** DATA FOR PROCESSING **
# # # #
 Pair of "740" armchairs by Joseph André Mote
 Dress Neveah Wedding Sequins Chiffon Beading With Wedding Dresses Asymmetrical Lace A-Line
# # # #
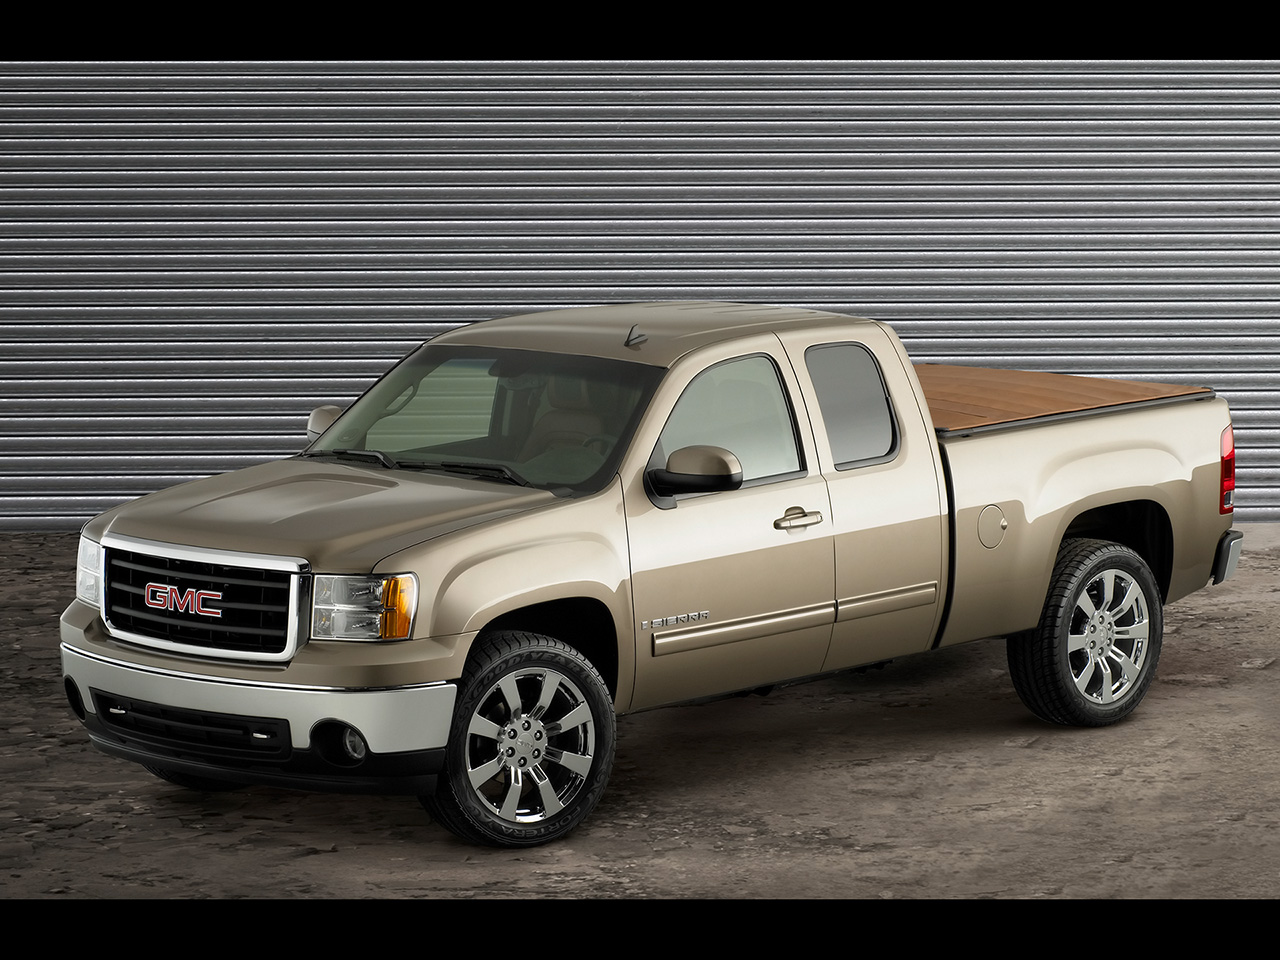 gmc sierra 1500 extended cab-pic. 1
# # # #
** EXERCISE REQUIREMENTS **
Out of the data above, give again only the lines starting at the one holding "Joseph André Mote" and ending at the one holding "Dress Neveah Wedding", unchanged.

** TASK RESULT **
 Pair of "740" armchairs by Joseph André Mote
 Dress Neveah Wedding Sequins Chiffon Beading With Wedding Dresses Asymmetrical Lace A-Line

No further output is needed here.